Mental health issues, often unrelated to aging itself, pose unique challenges for older adults in rural areas. Suicidality, for example, has been a growing issue for older adults across the country over the past several decades and is more prevalent in rural areas [157]. The COVID-19 pandemic exacerbated rural–urban differences in suicidal ideation and attempts [158], particularly among older adults [159]. Effective and widescale screening for precursors of suicidal ideation and attempts are challenging, particularly in rural and remote areas. However, recent research into simple screening measures that can be implemented in primary care, whether in-person or through telemedicine appointments, such as the Ask Suicide Screening Questions toolkit, is both feasible and effective to use in the primary care setting [160, 161]. A pilot study conducted with rural, Appalachian older adults suggests that universal suicide screening tests would have wide acceptability among these populations and that primary care visits would be an effective setting to implement these programs [162]. Over the past several years, US-based research examining the epidemiology of other mental health conditions, such as depression, anxiety, and schizophrenia, among rural older adults or comparing rural and urban older adults is limited. Given the plethora of related rural–urban differences in other population health metrics and predictors, there is a clear need to encourage more detailed and comprehensive research in this area.
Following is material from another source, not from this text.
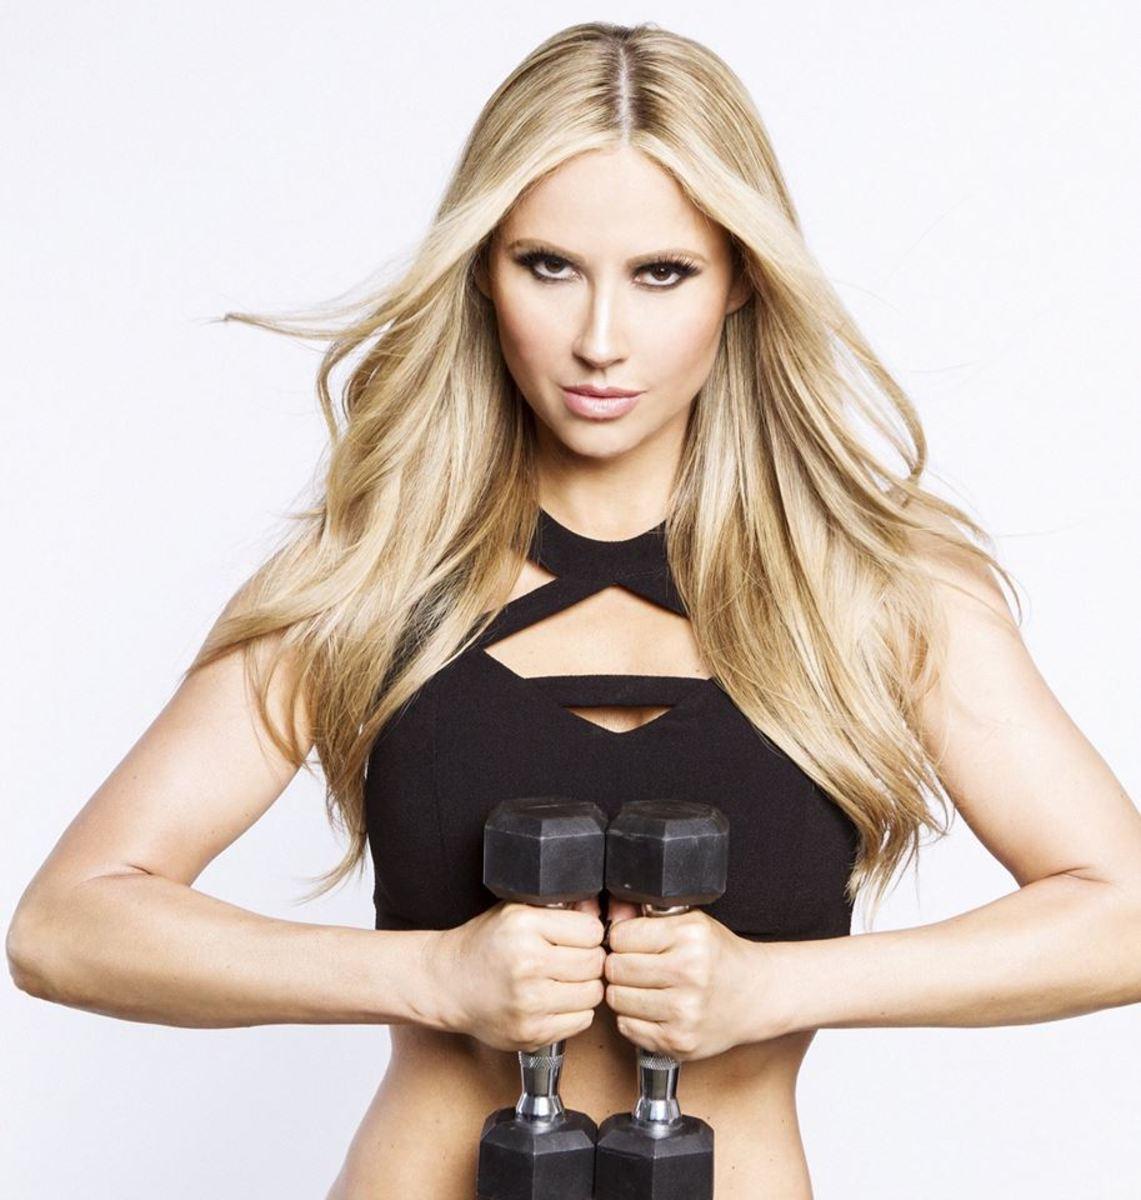 Marzia Prince - Female Fitness Model

Health and Social Services: Access and Quality

As described earlier, access to high-quality health and healthcare services are key components of healthy aging. Recent studies have identified important structural barriers, such as a shortage of healthcare specialists and primary care providers in rural areas that likely contribute to the rural health disadvantage [163, 164]. An example is the relative lack of availability of cancer screening in rural areas compared to more urban areas [145, 165, 166]. Healthcare facilities in rural areas are more likely to be understaffed than comparable facilities in urban areas [51, 167]. When healthcare access is limited, differences in broadband access compared with urban areas likely contributed to the inability of many rural residents to seek health care when in-person care [168]. These differences were exacerbated during the peaks of the COVID-19 pandemic, particularly among older adults, when in-person healthcare was limited and telehealth appointments were often the only choice [169, 170].

Rural areas also experience reduced quality and availability of home and community-based services, including health care [171]. This inhibits older adults living with chronic diseases, cognitive decline, and disabilities from seeking needed services [172], and encourages the use of skilled nursing facilities over aging in place [173]. Although healthcare quality is multifaceted and often difficult to measure, several recent studies have identified rural–urban differences in the quality of healthcare services received after accounting for demographic factors and other social determinants [174]. However, the breadth of recent research on rural–urban differences in quality is limited. Systematic research is needed to quantify these differences to inform policies and interventions designed to improve healthcare equity across geographies.

Special Populations in Rural Areas

The rural population is heterogeneous with respect to socioeconomic, demographic, and cultural factors and should not be considered monolithic in research. There are important population subgroups that merit special attention when conducting research and designing evidence-based policies and interventions. Examples include racial and ethnic minorities, Native or Indigenous people, and informal caregivers for older adults. Although rural areas tend to have a greater proportion of White residents than urban areas, racial and ethnic minorities living in rural areas may experience aspects of rural culture differently than White residents. Prior studies have observed a rural race- and ethnicity-specific health “penalty”, where racial or ethnic disparities in health, health care, or healthcare quality are more severe in rural areas compared to urban areas [175, 176]. A recent study observed such a penalty, and found that differences between Hispanic/Latinx and non-Hispanic/Latinx Medicare beneficiaries were more pronounced in rural areas compared to urban areas. The researchers attributed this difference in part to lower cultural competency and poorer provider-patient communication in rural areas [177]. Another example is social isolation. A 2019 study showed that although White rural older adults reported less social isolation than their urban counterparts, the association was reversed among some racial and ethnic minorities, where rural Black older adults experienced significantly greater social isolation than urban Black older adults [178]. Another recent study found that the well-documented Black-White differences in obesity were significantly worse in rural areas compared to urban areas [54].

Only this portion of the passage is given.